COLLECTED DATA Block Start
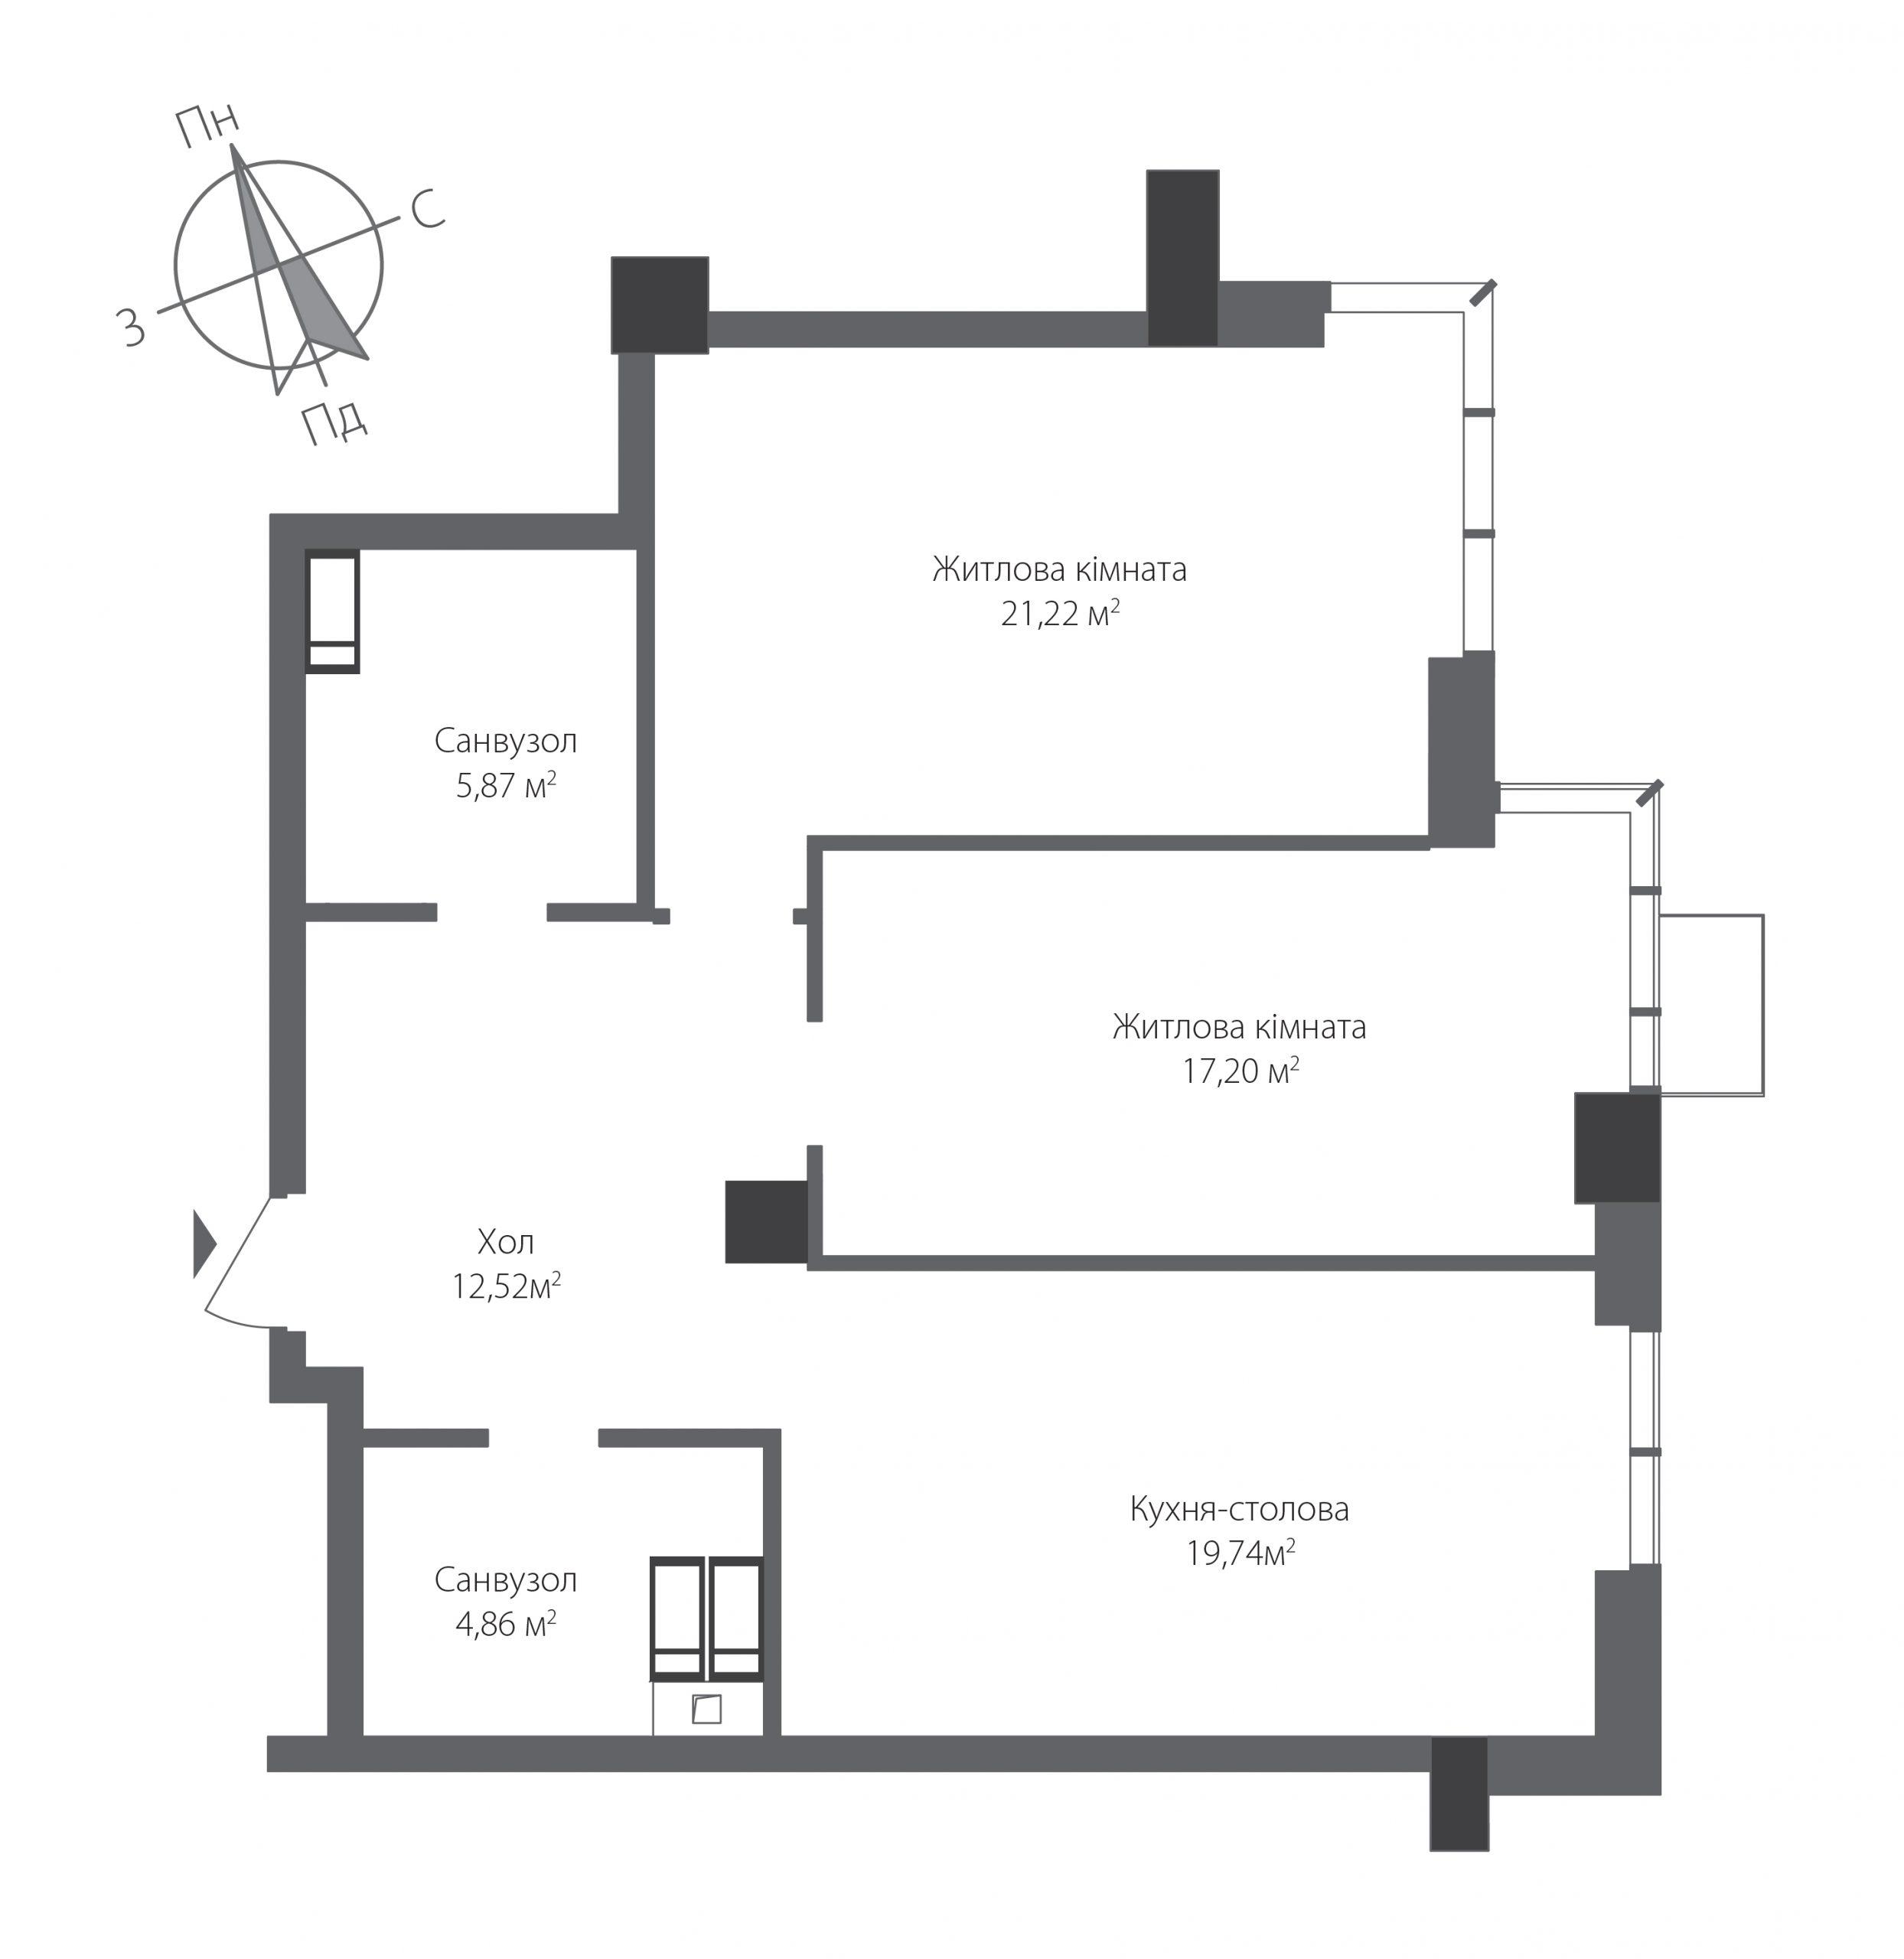 Двухкомнатная квартира в ЖК RiverStone Номер квартиры №16, Дом 9, Этаж 16, Полная площадь 81,41
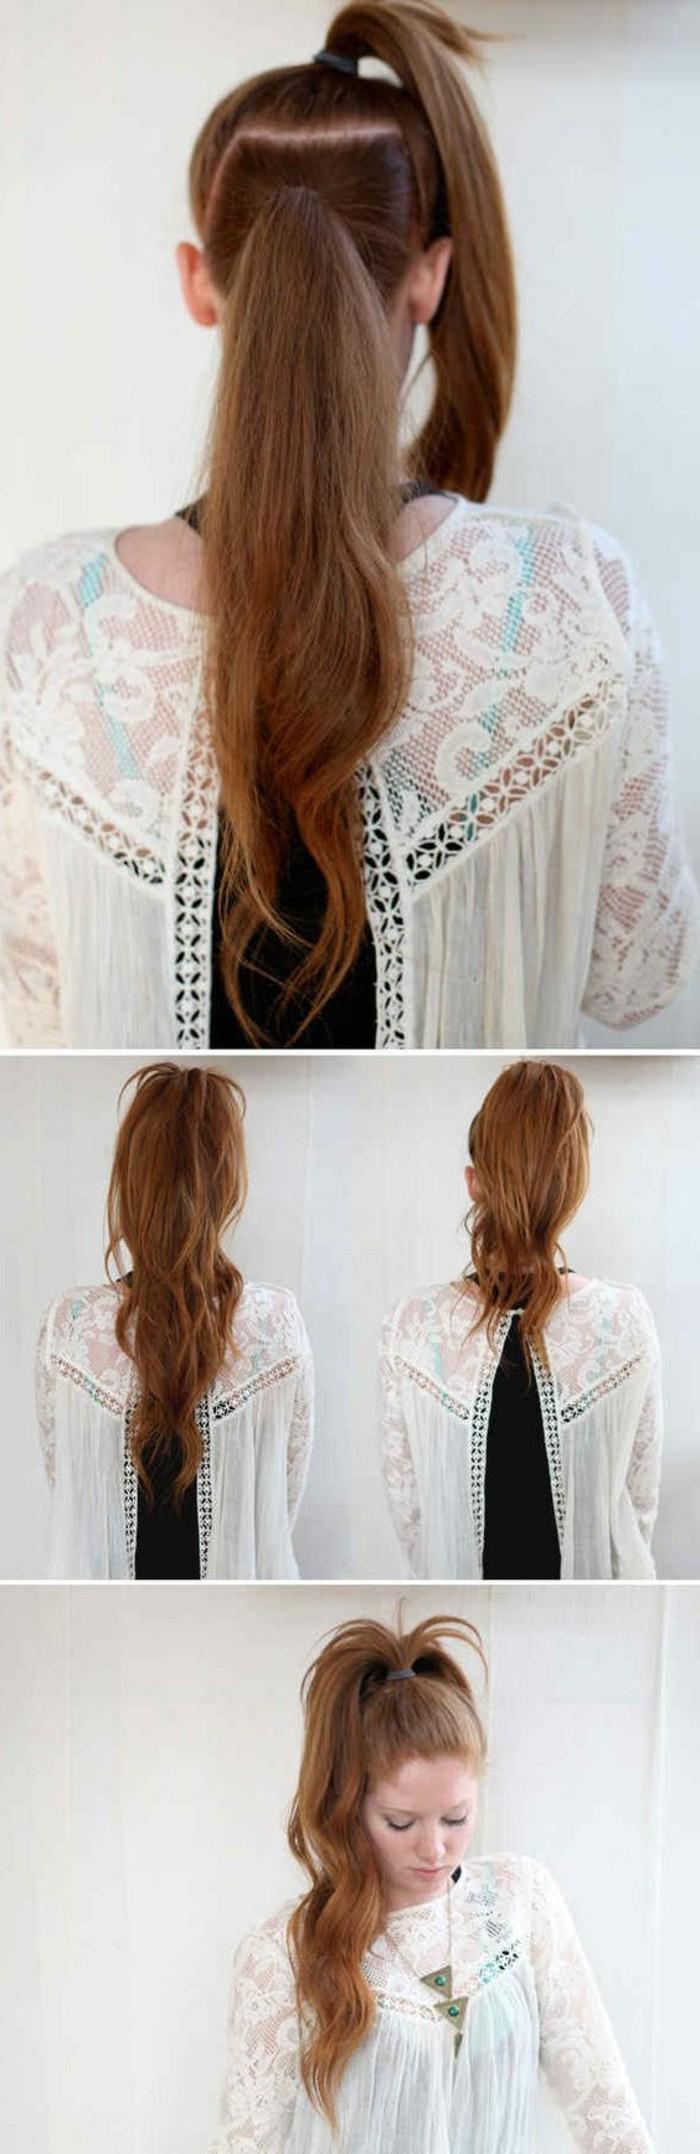 tutorial per realizzare una coda originale, un esempio per acconciature capelli lunghi facili e veloci
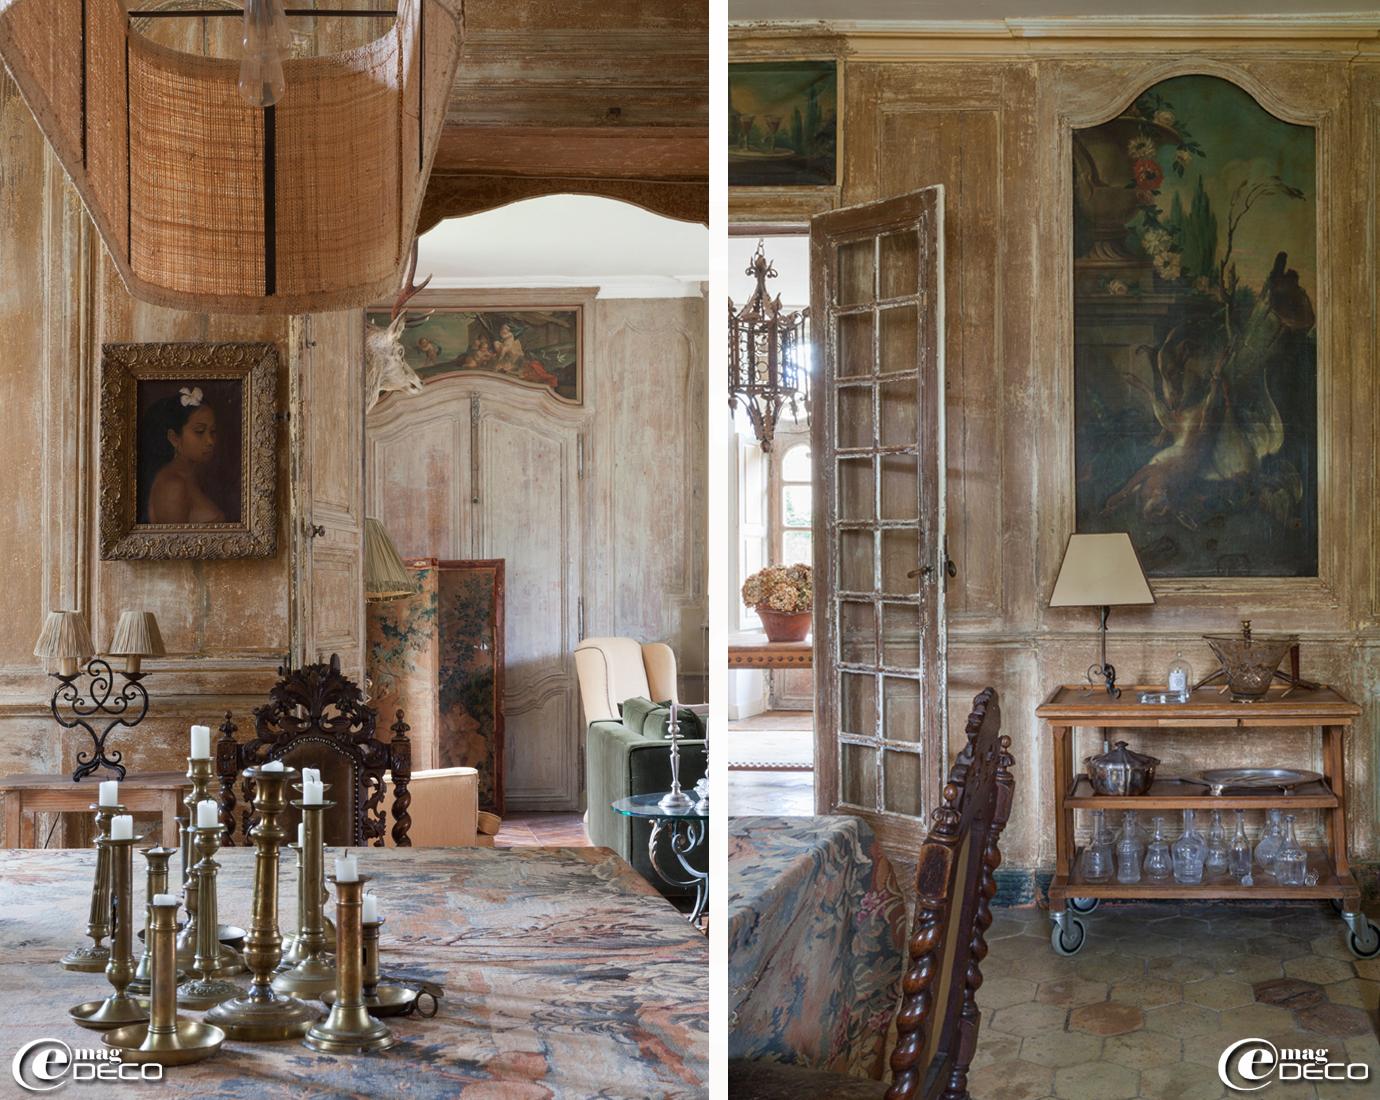 Dans la maison d'hôtes l'Hôtel de Tailles, une collection de bougeoirs en laiton chinés dans les vides-greniers, nappe en tapisserie chinée à Moulins-la-Marche
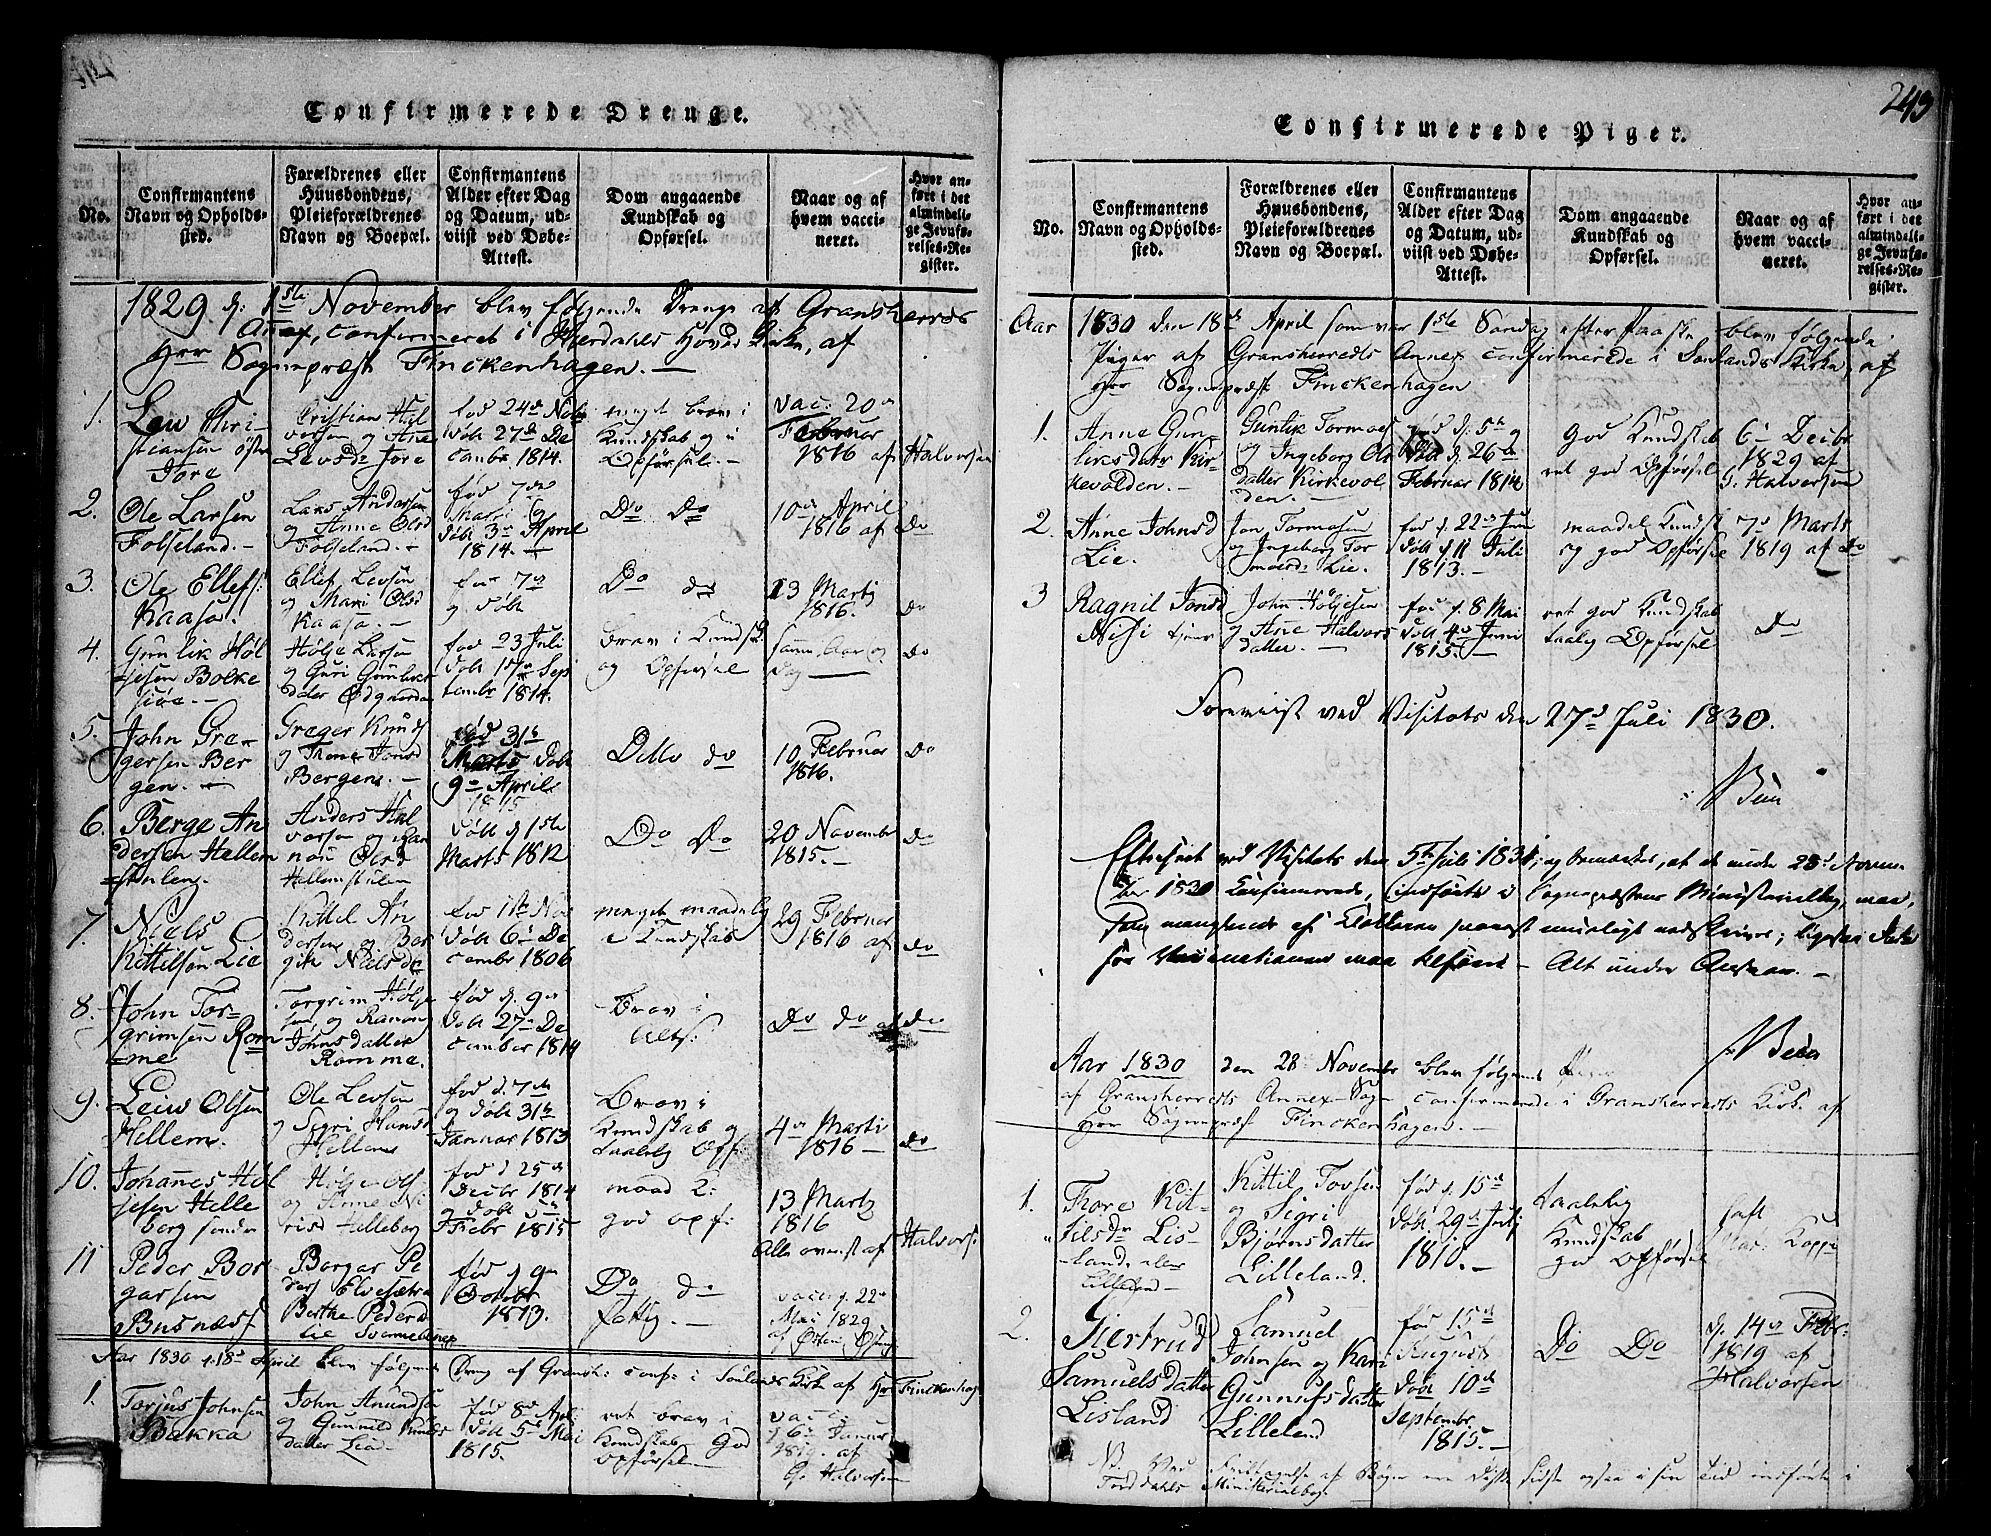 SAKO, Gransherad kirkebøker, G/Ga/L0001: Klokkerbok nr. I 1, 1815-1842, s. 243
COLLECTED DATA Block End
TASK DESCRIPTION
Every line of the data above is to be repeated exactly; the images are to be left out.

ANSWER FOR THIS EXERCISE
 Двухкомнатная квартира в ЖК RiverStone Номер квартиры №16, Дом 9, Этаж 16, Полная площадь 81,41
 tutorial per realizzare una coda originale, un esempio per acconciature capelli lunghi facili e veloci
 Dans la maison d'hôtes l'Hôtel de Tailles, une collection de bougeoirs en laiton chinés dans les vides-greniers, nappe en tapisserie chinée à Moulins-la-Marche
 SAKO, Gransherad kirkebøker, G/Ga/L0001: Klokkerbok nr. I 1, 1815-1842, s. 243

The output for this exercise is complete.